One of the drivers of that Industry Revolution outlined above is a new wave of dazzling business applications aimed at industry-specific solutions to help companies handle the new types of processes sparked by the digital revolution. If a hospital has to deploy a whole new generation of processes to enact new levels of patient safety as well as data-driven patient care, is it reasonable to think that 10-year-old applications can handle that? This new generation of industry-specific clouds will be the hottest segment of the cloud industry in 2022 and is going to be a primary driver behind the rise of the digital economy.
All of this extraordinary new digital technology is, unfortunately, available to the bad guys as well as the good guys. And as businesses create and deploy wide ranges of new digital services and capabilities, those cybercriminals will exert enormous resources and creativity to trigger and exploit security vulnerabilities within those expanded digital networks.
With the world rushing at us faster than ever before, and with billions of consumers eagerly deploying the almost unlimited range of choices they have, businesses must find ways to move as fast as the customers they serve. Among the primary benefits of cloud technology over traditional IT are: it can be purchased more quickly, configured more quickly, deployed more quickly, updated more quickly, secured more effectively, and expanded more quickly. CEOs in every industry are beginning to understand that having the best products and services is not enough—they have to be able to move at the speed of their markets, or no one will care how good those products and services are.
From digital twins to supply-chain analytics to the imminent interconnection of supply chains with demand chains, the current disarray in global supply chains will result in dramatic reconfigurations of how goods and services are sourced, procured, shipped, and deployed. Many manufacturing companies are reshoring production to the U.S., and some of those are also building mini-factories close to where buyers are located. Cloud technologies are involved in all of that, but I think their true promise will be revealed in advanced analytics that anticipate supply-chain problems and create innovative solutions or workarounds before those problems occur. This is another case where great ERP companies such as ECI have a chance to innovate in powerful ways that drive enormous new levels of business value.

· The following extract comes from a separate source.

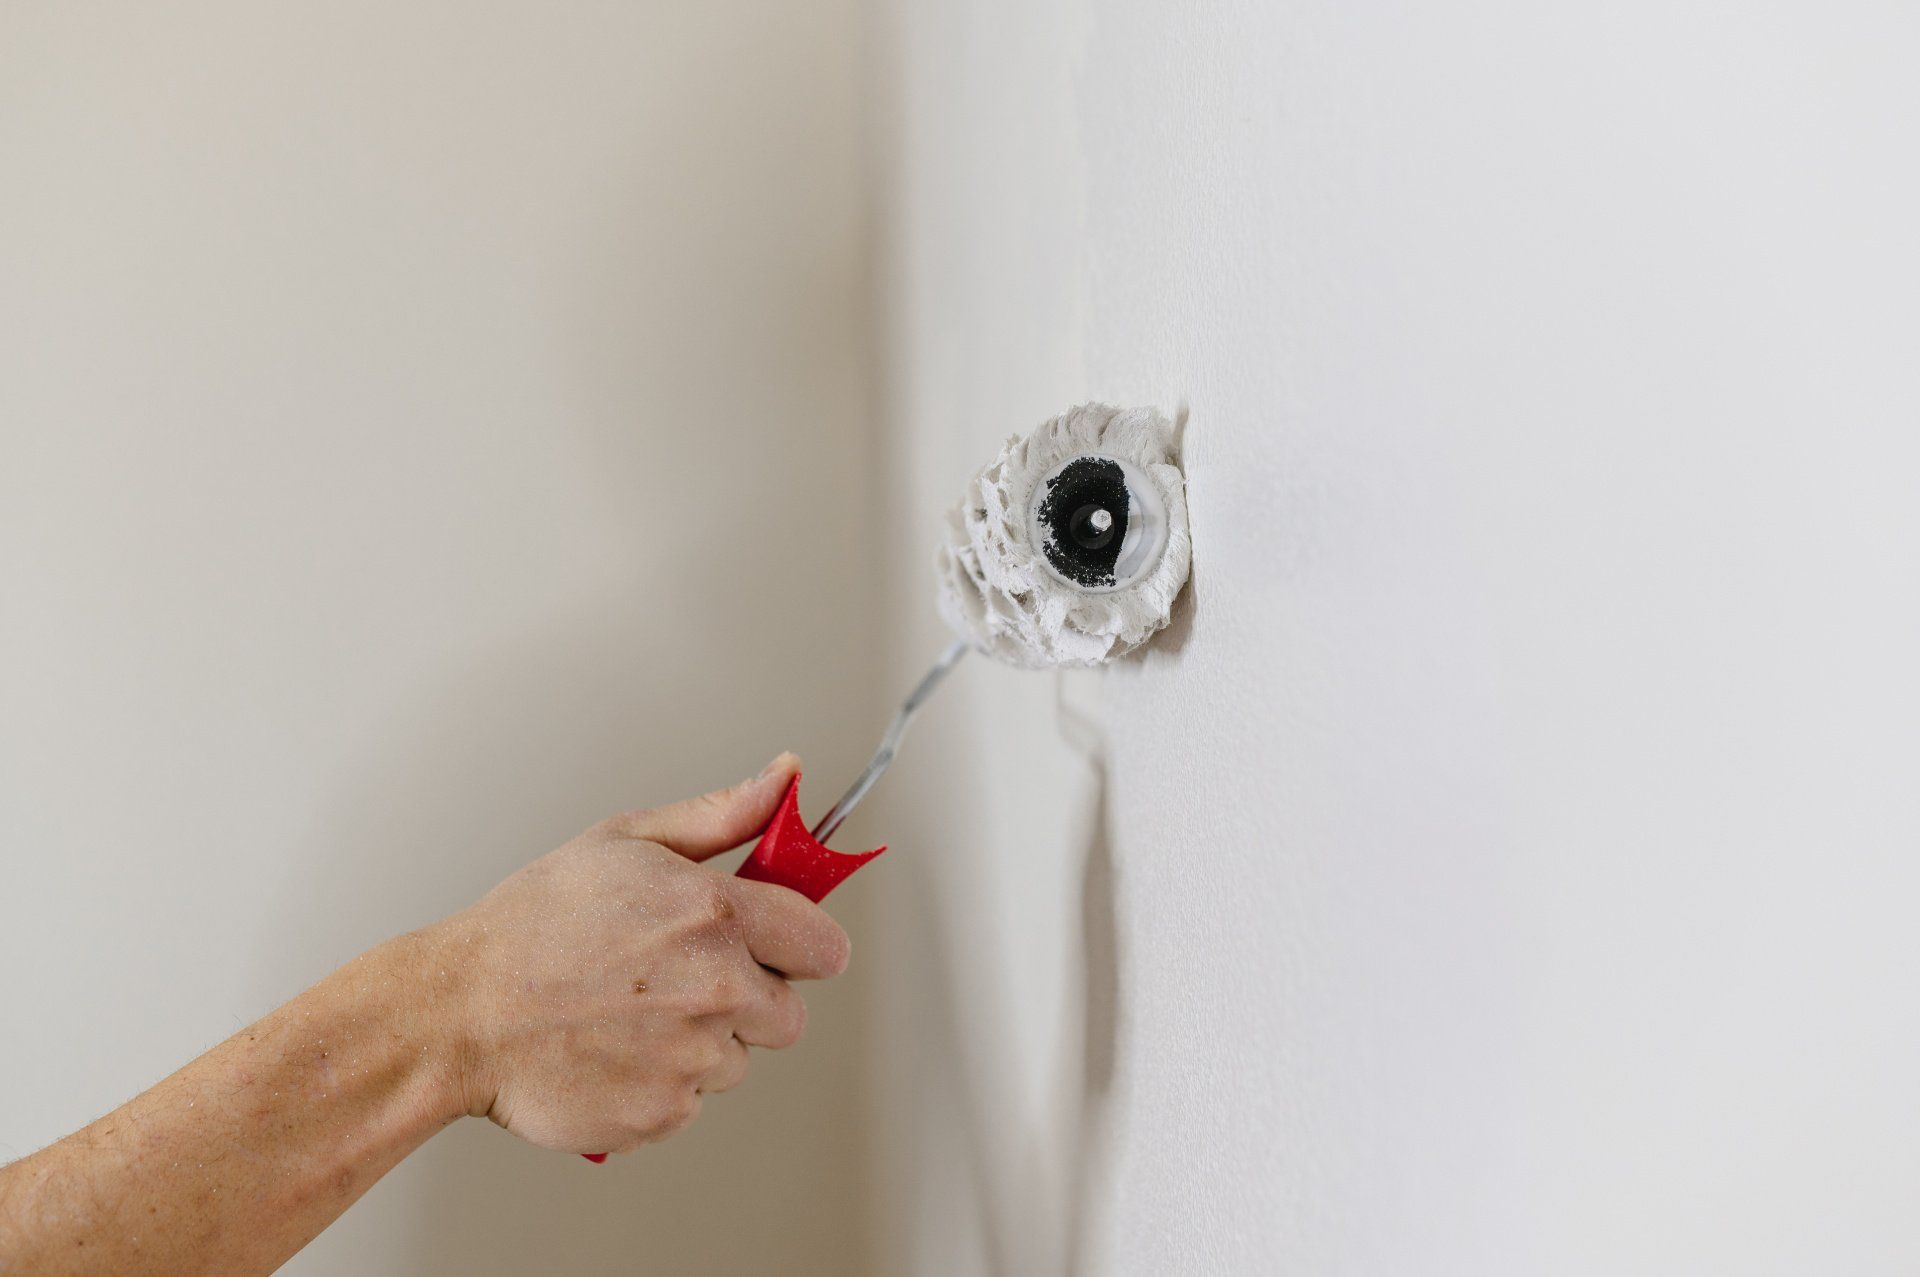 A close-up view of a hand holding a paint roller and applying paint to an interior wall.

So, whether these things come to pass or some variations of them take hold, 2022 will no doubt be an extraordinary year that rewards companies that can anticipate the future, that move closer than ever before to their customers, that balance employee experience with customer experience, and that fully and fearlessly embrace cloud technology as the engine for business innovation and success in 2022 and beyond.
All the best to you on that dynamic adventure!